"Revellers at the silent disco seized their once-in-a-lifetime opportunity to dance in a museum."
Billed as "a musical love letter," A Moment In Time was something like a closing party for the Western Australian Museum as it prepares to undergo four years' worth of major redevelopment. To honour the state's musical heritage, the Perth Symphony Orchestra together with guest singers David Craft, Rachael Dease, Odette Mercy, Timothy Nelson and Mei Saraswati tackled some of WA's most iconic songs. There weren't so much highlights, just different types of high, as in among a tender take on The Panics' Don't Fight It, The Drones' Shark Fin Blues and Abbe May's Karmageddon, which was worked over by Mei Saraswati and some James Bond-style orchestral drama, an impossibly bouncy take of Tame Impala's Elephant warped minds and moved feet.

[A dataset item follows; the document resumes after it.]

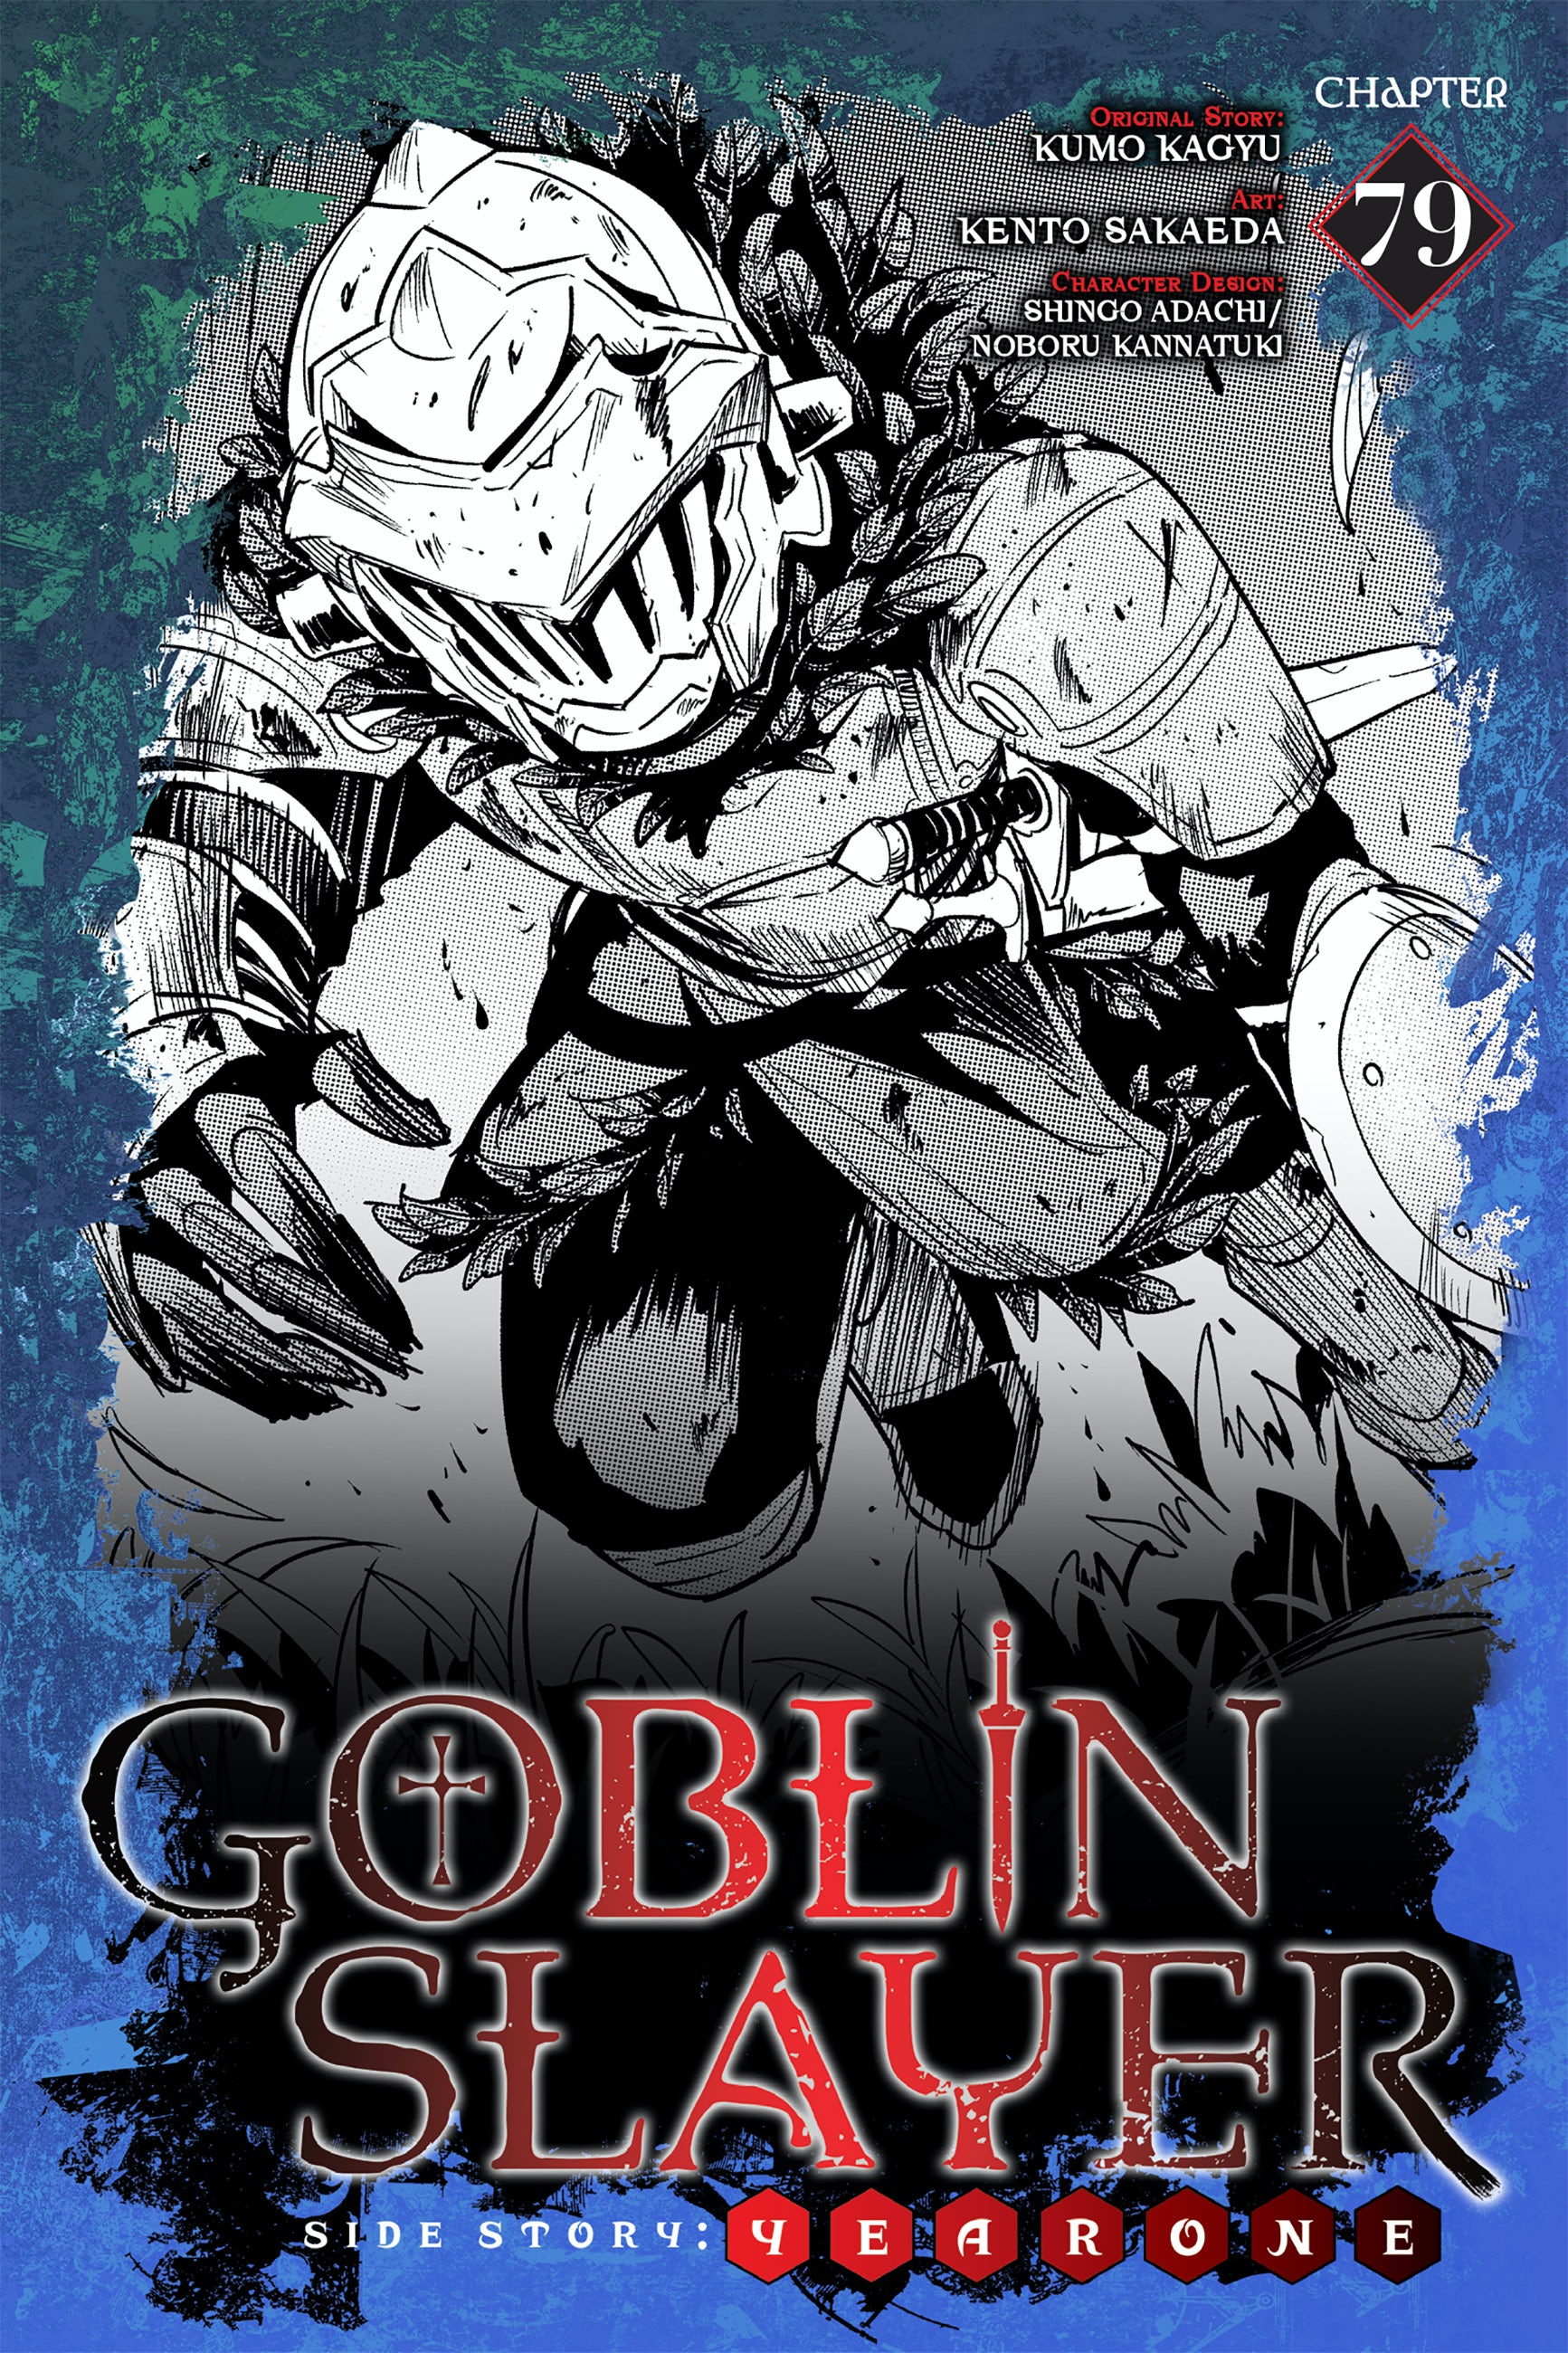 Goblin Slayer:One Years [14], Wiki

It wasn't a competition, but possibly the night's most euphoric moment may have come during Odette Mercy's rendition of Eurogliders' Heaven (Must Be There). Mercy's affection for the song shone through as she described discovering it as a child while wandering through Fremantle Markets, underlining how this unique performance brought together different strands of WA's collective musical history, both past and present.
Next was a sight that no one had seen before as Meg Travers unveiled her Trautonium, a legendary German synthesizer from the '20s. Positioned high up in the rafters her mysterious contraption produced phantasmagorical tones that could've come from Dr Who's worst nightmares, as two nearby ghouls in trenchcoats recited apocalyptic German poetry from the 18th century. It certainly made for a dynamic contrast with Soukouss Internationale, whose skippy afro-grooves radiated nothing but positivity. Meanwhile, down in the Discovery Room, Dr Adam Trainer had curated a curious collection of innovative DIY instruments and early electronic oddities, some of which were demoed, while across the floor, via the absinthe bar, revellers at the silent disco seized their once-in-a-lifetime opportunity to dance in a museum.
The Kill Devil Hills seem to have become more evil over the years and their country gothic set made for a dynamite closer. There may have been six of them on stage, but their economy made for lean, tension-filled passages in between cataclysmic crescendos, with a sparse layer of violin adding a gut-wrenching layer of melancholic doom. As nights at the museum go it whipped the pants off anything Ben Stiller's ever given us.